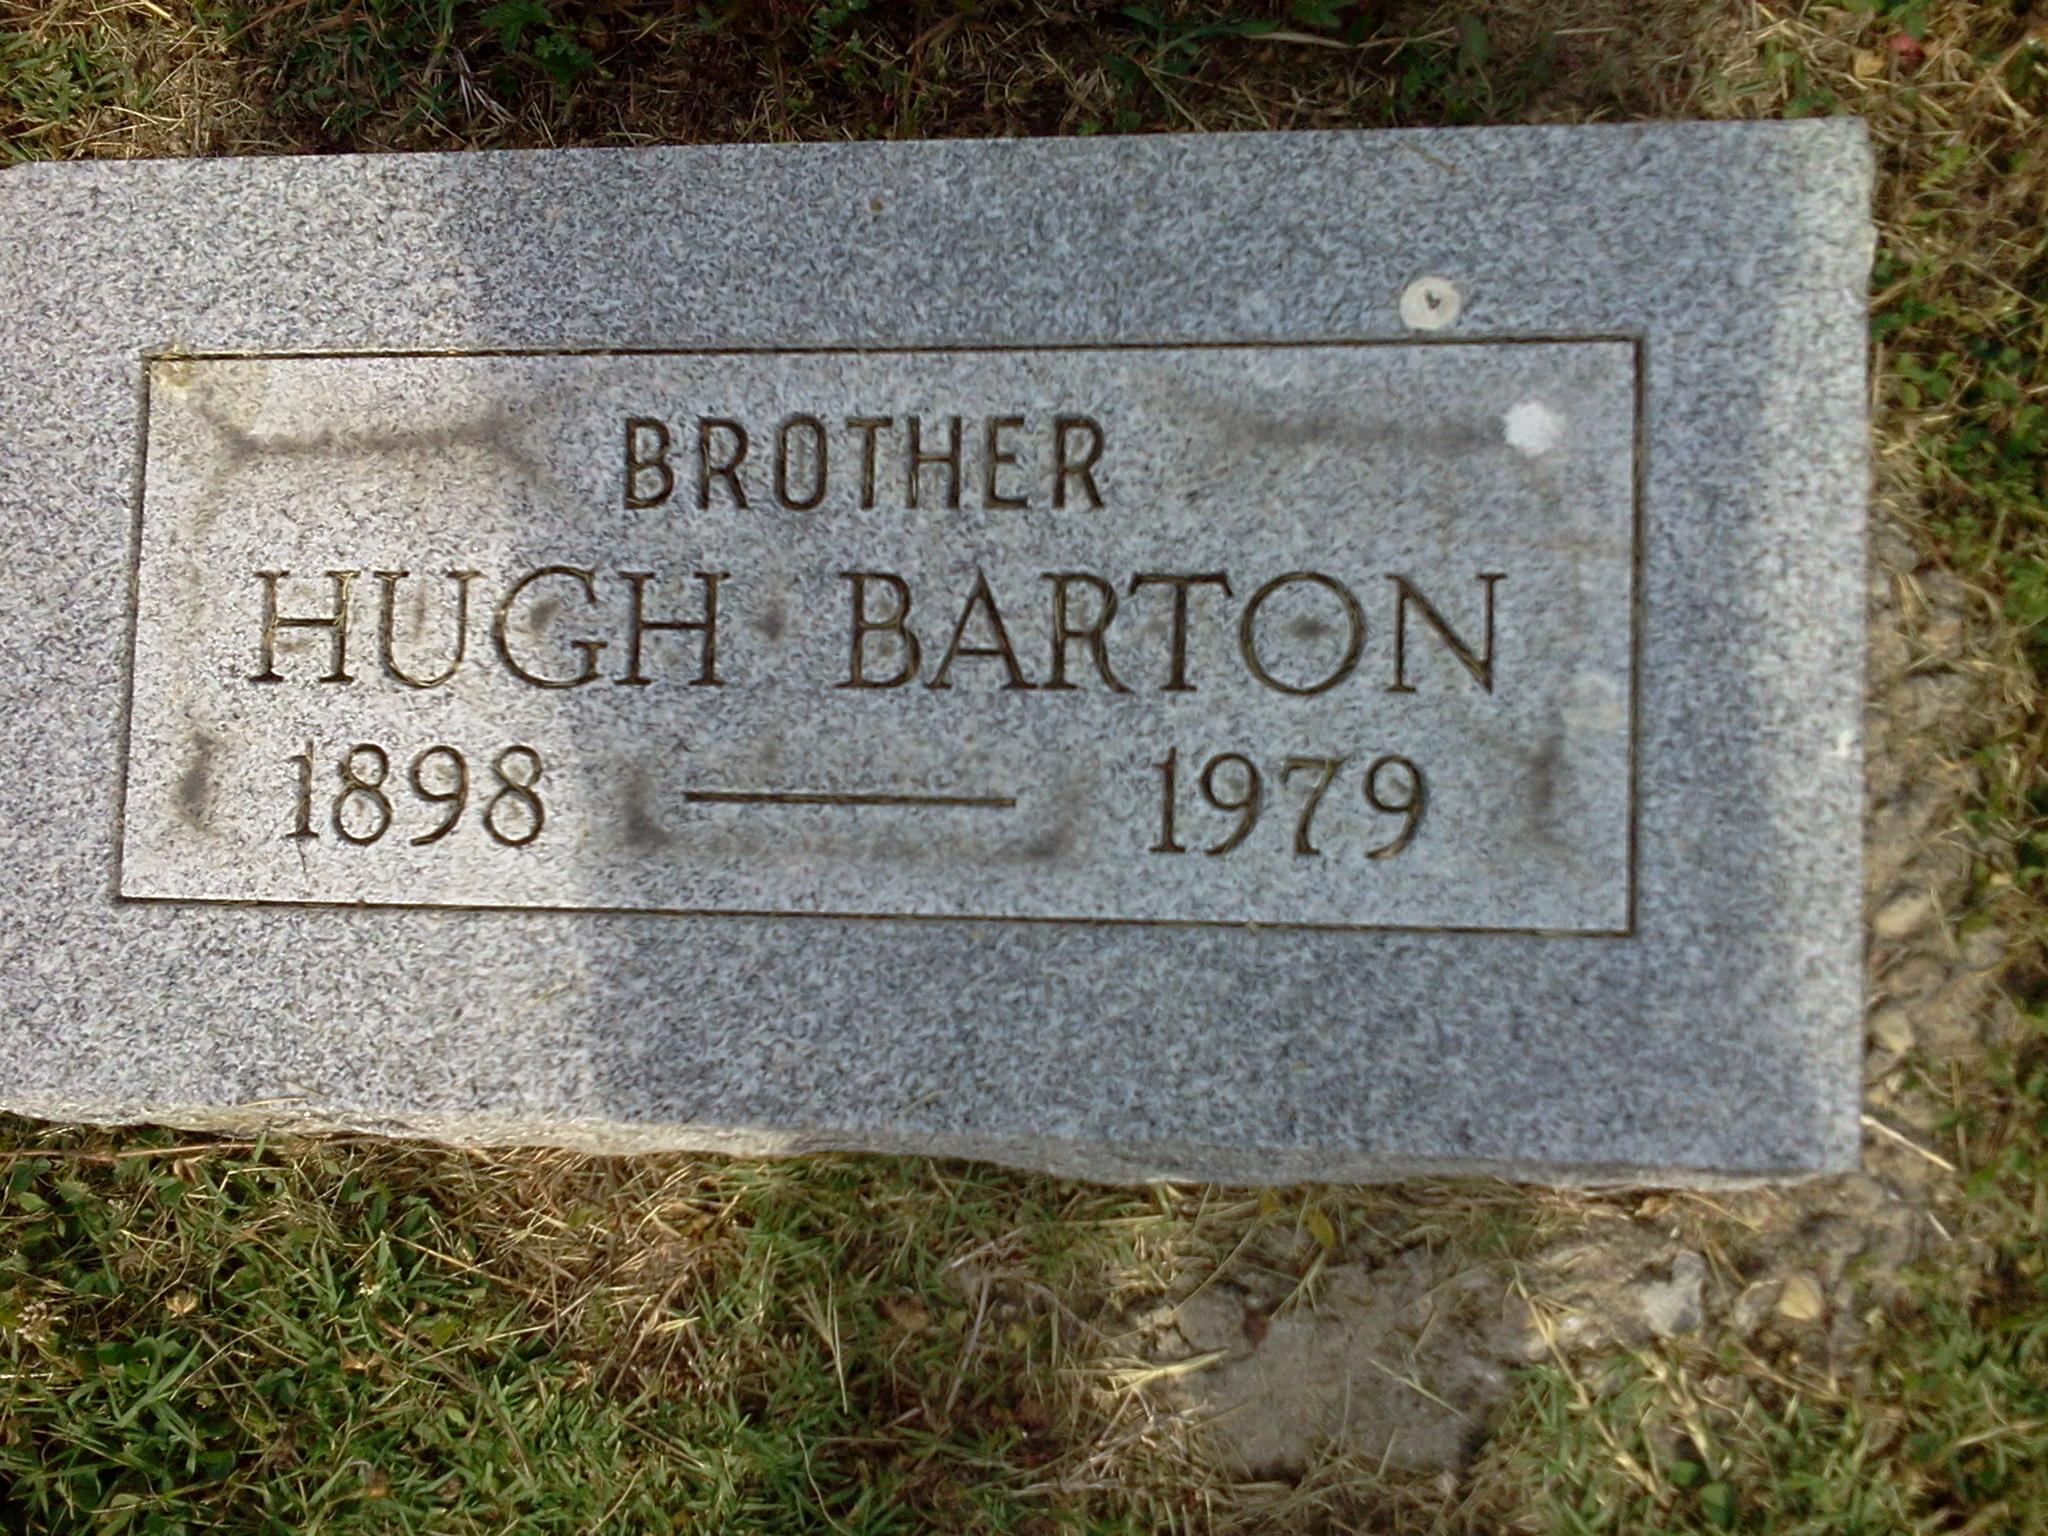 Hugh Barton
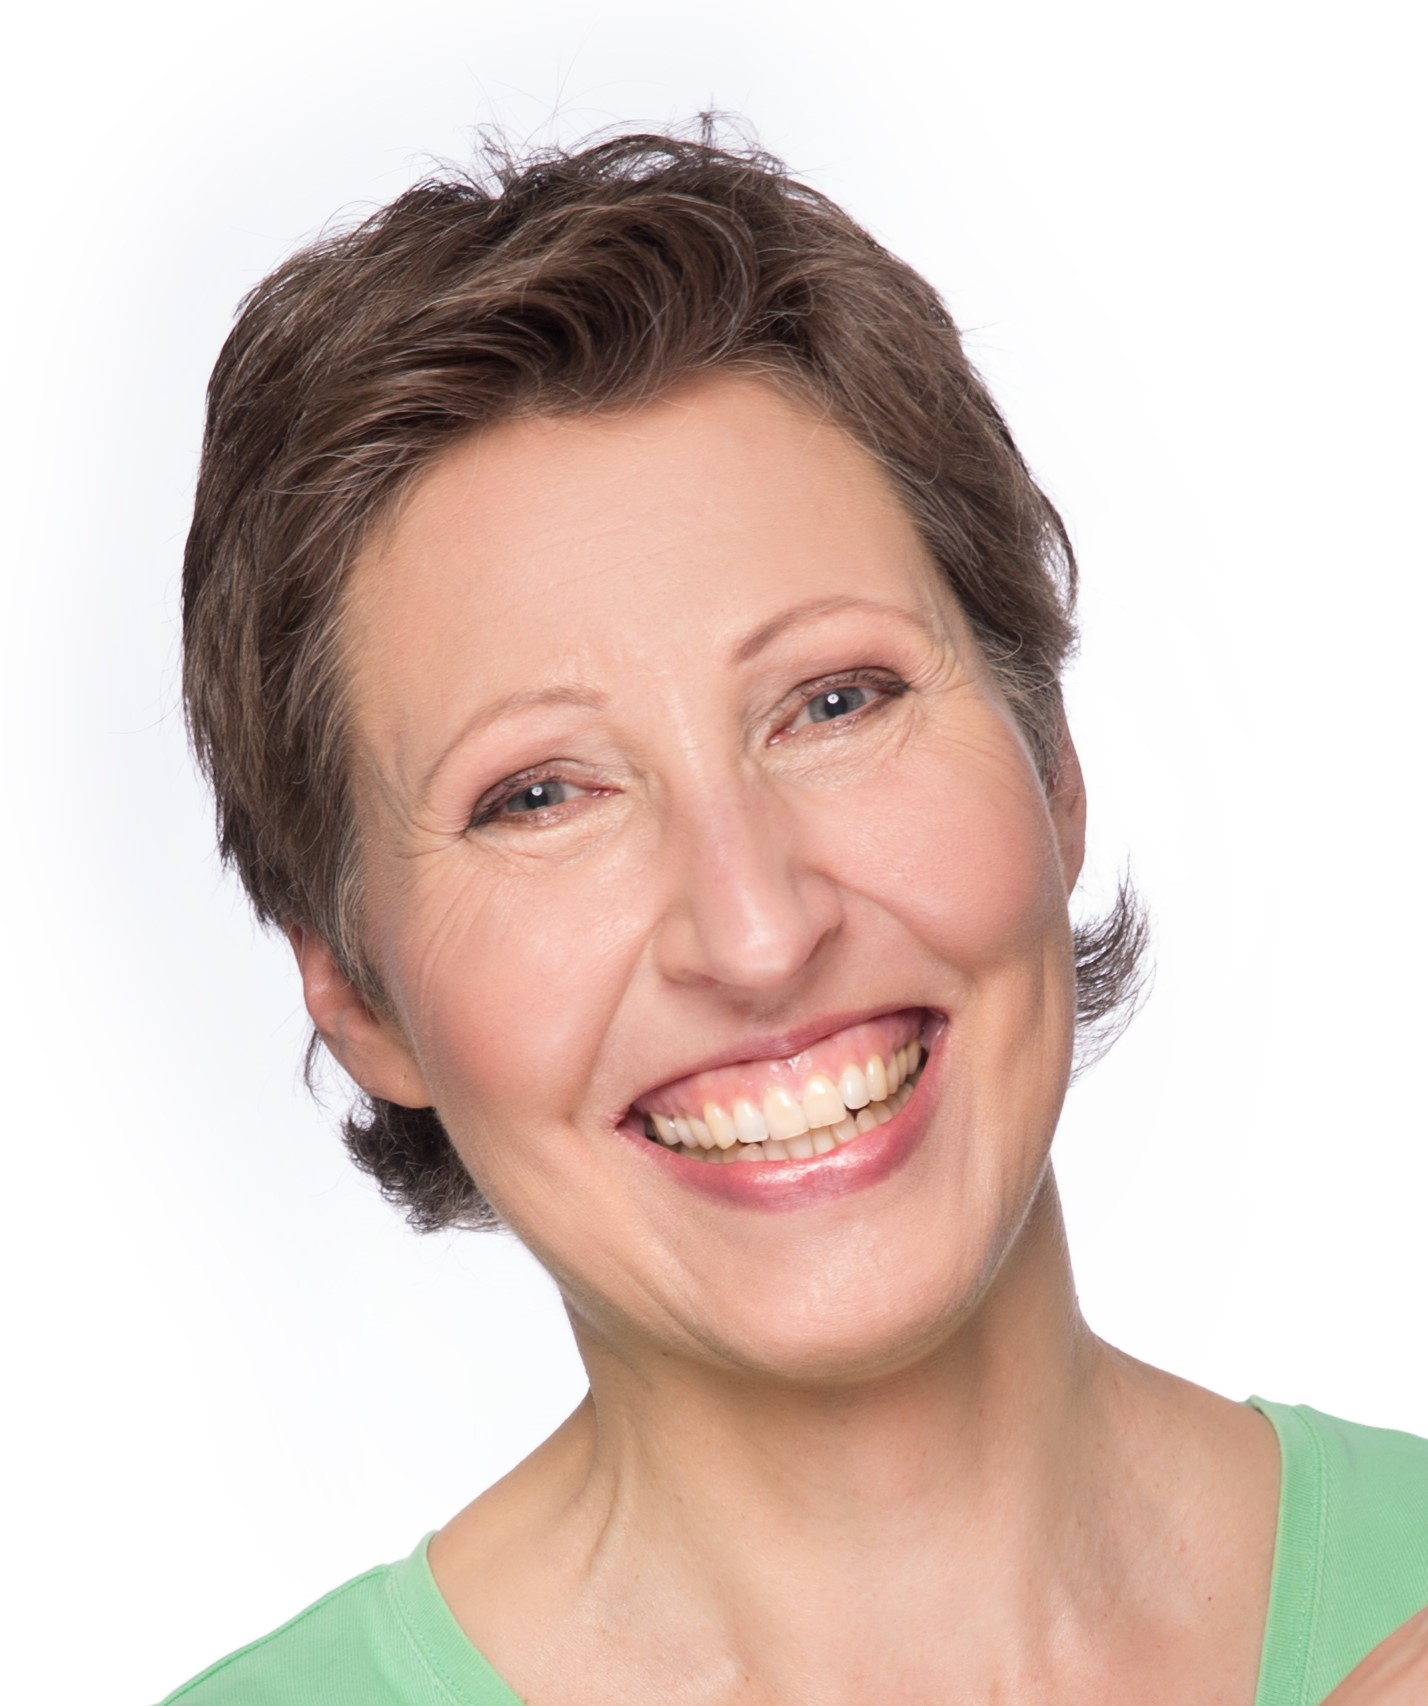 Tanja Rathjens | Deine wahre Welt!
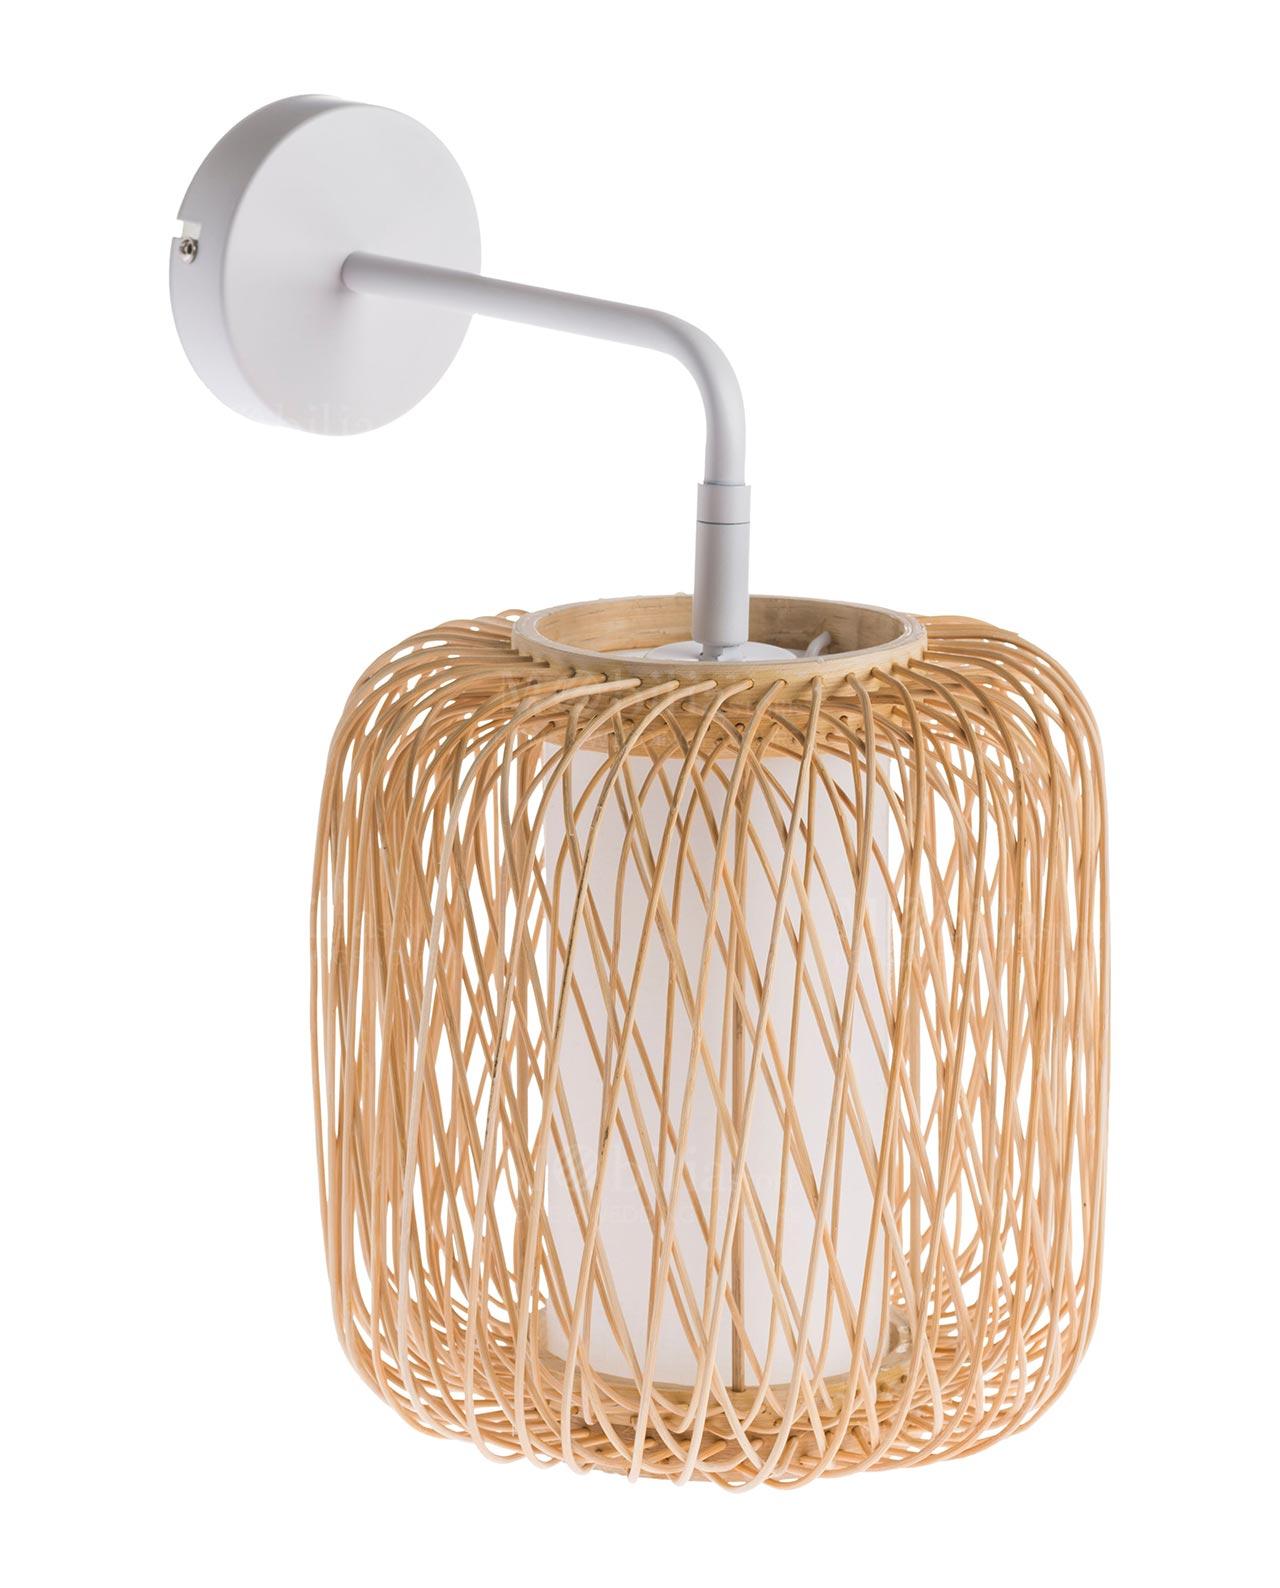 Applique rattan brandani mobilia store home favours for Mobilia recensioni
__________
**Work item**
Images should not appear in the copy; retype the listing above exactly.

**Solution**
 Hugh Barton
 Tanja Rathjens | Deine wahre Welt!
 Applique rattan brandani mobilia store home favours for Mobilia recensioni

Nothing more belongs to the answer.